Every time I saw Natalie comfort Mitch, I thought I witnessed the most beautiful scene in all the universe. It was the day before Halloween, and Mitch wanted to get on with life and not be stuck at the hospital. Mostly, he was excited to greet kids who knocked on the door and give them candy. Mitch was a tender giver.

So there we were. Mitch just received an echocardiogram. We were sitting with his cardiologist, who was trying to educate us on heart failure. With a light thump of a knuckle on the door, a technician slipped in to hand our cardiologist the results. He paused a moment to digest what was on the paper, then said, “May we speak privately?” Immediately, the already tender lump in my throat ballooned into a boulder. I could hardly swallow.

Laura-Ashley got up to take her brother on a gentle stroll in a wheelchair around the hospital. As the door shut, his already faint smile began to fade into a look of deep concern. “Things aren’t well,” he said with a pause. “A lot has changed since his echo in the spring.” As he began to describe how Mitchell’s heart function declined rapidly, he warned, “Your son is at risk of sudden death.”

Grief washed over me like a title wave. I stood still, doing my best to remain stoic and composed, but on the inside, I was thrashing about and gasping for breath. If I, being a simple father, felt that way – I imagined at that moment how much more my dear wife felt the title wave of grief. For she carried Mitch in the womb of her body and hearth of her heart; she had a connection to our child only mothers know. My heart went out to Mitch and my dear wife, for neither deserved what was before them. My soul yearned heavenward – bargaining to take their place.

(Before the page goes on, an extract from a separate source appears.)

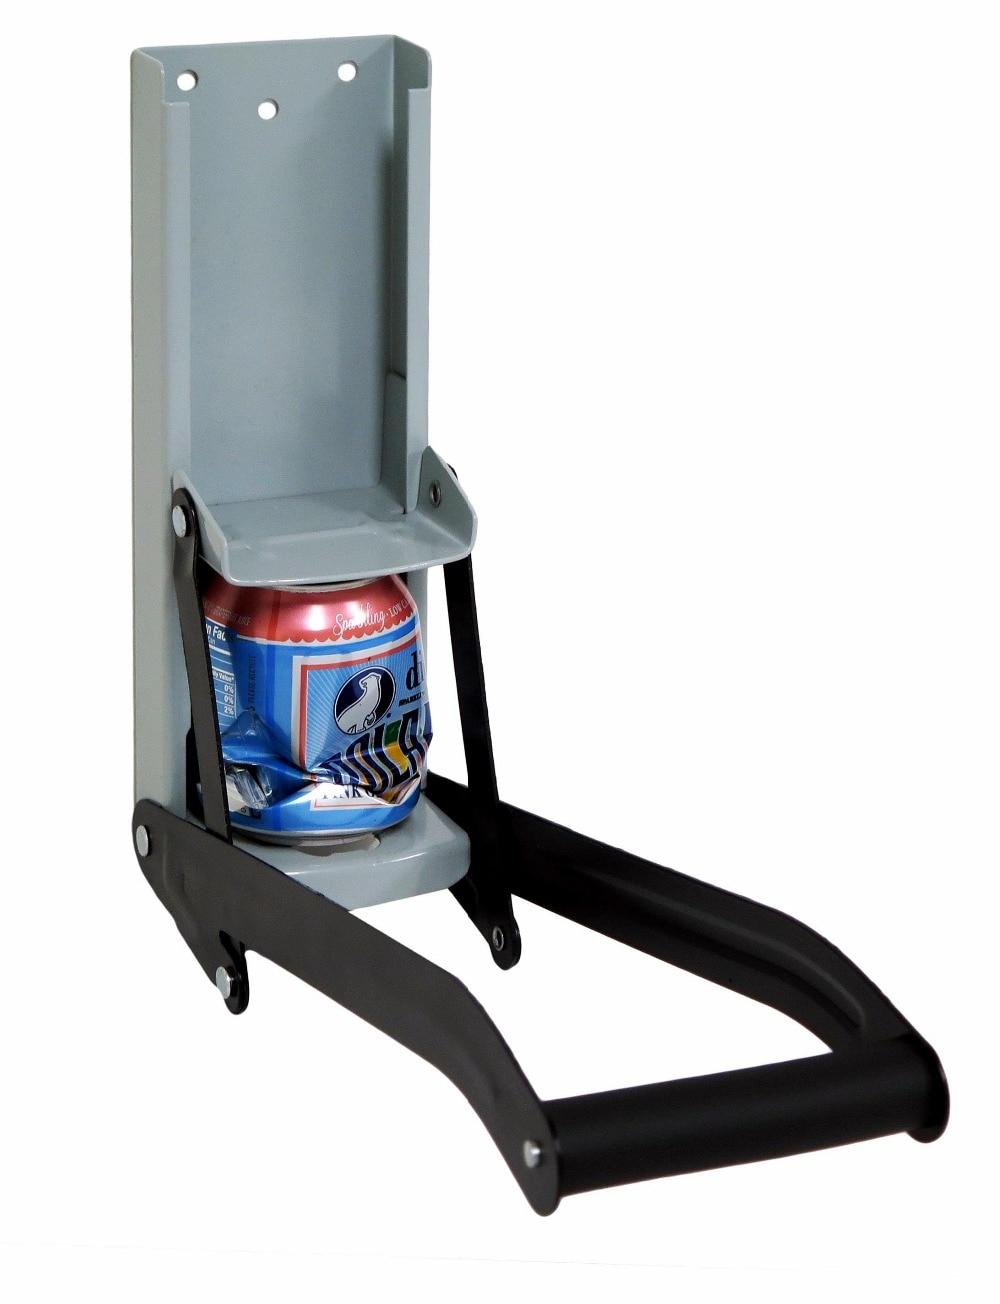 Envío gratuito montado en la pared 500 ml Tipo de servicio pesado de - Juegos de herramientas - foto 4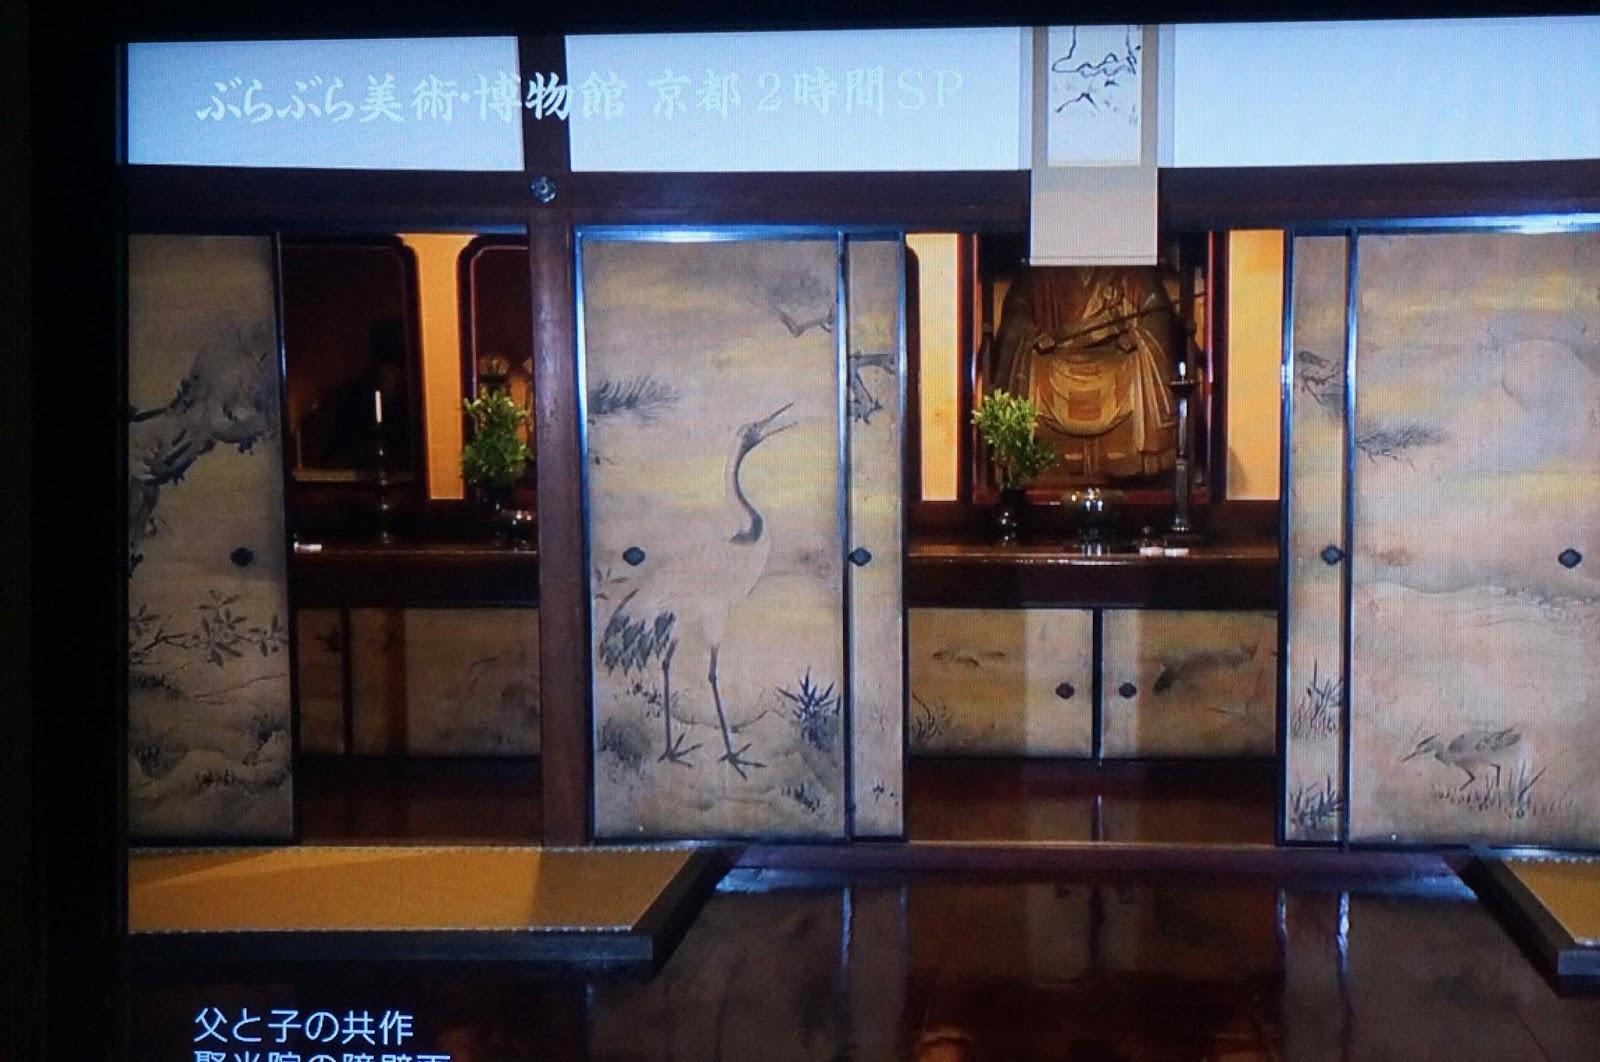 狩野松栄の画像 p1_22

About 20 minutes later, after talking about what to do, our daughter and son returned to the examination room – unaware of the new weight placed on our shoulders. My hands were shaking from fear and grief. We did our best to put on a brave face – but on the inside, my wife and I felt like children ourselves – very much in need of comfort. We were desperate to keep our broken boy’s body together while, at the same time, we were falling apart.

What I thought was breaking inside me that day didn’t compare to the shatter I experienced in the months and years that followed.

It’s been 8 years since losing our boy, and I have witnessed the breaking of myself, my wife, children, and others. Whether through death, disease, misfortune, or poor choices, not one of us is spared. Being mortal and flawed, we all break and then pay the price in one way or another.

Being broken can be so many things; it can be toxic, hateful, fearful, or humbling, tender, and beautiful. We all break, but what we do with our brokenness that matters. And it matters a lot. It seems there are two types of people in the world: those who are broken and those that admit it. I am eternally drawn to the people who admit it.

Niels Bohr (a fascinating philosopher and scientist) observed, “The opposite of one profound truth may very well be another profound truth.” On the deepest level, I agree. I often see that principle play out in the world of grief and brokenness. Yes, to break can be devastating, but it can also be beautiful. I can imagine how probably all of us have observed how some broken people tend to hurt other people, but we’ve probably also seen broken people become healers.

Mitch taught me what being broken and beautiful looks and feels like. When I grow up, I want to be just like him. As I continue to discover my own broken parts, which are many, Mitch taught me to focus more on purpose and less on the pain. And when I do that, love and empathy are what I gain.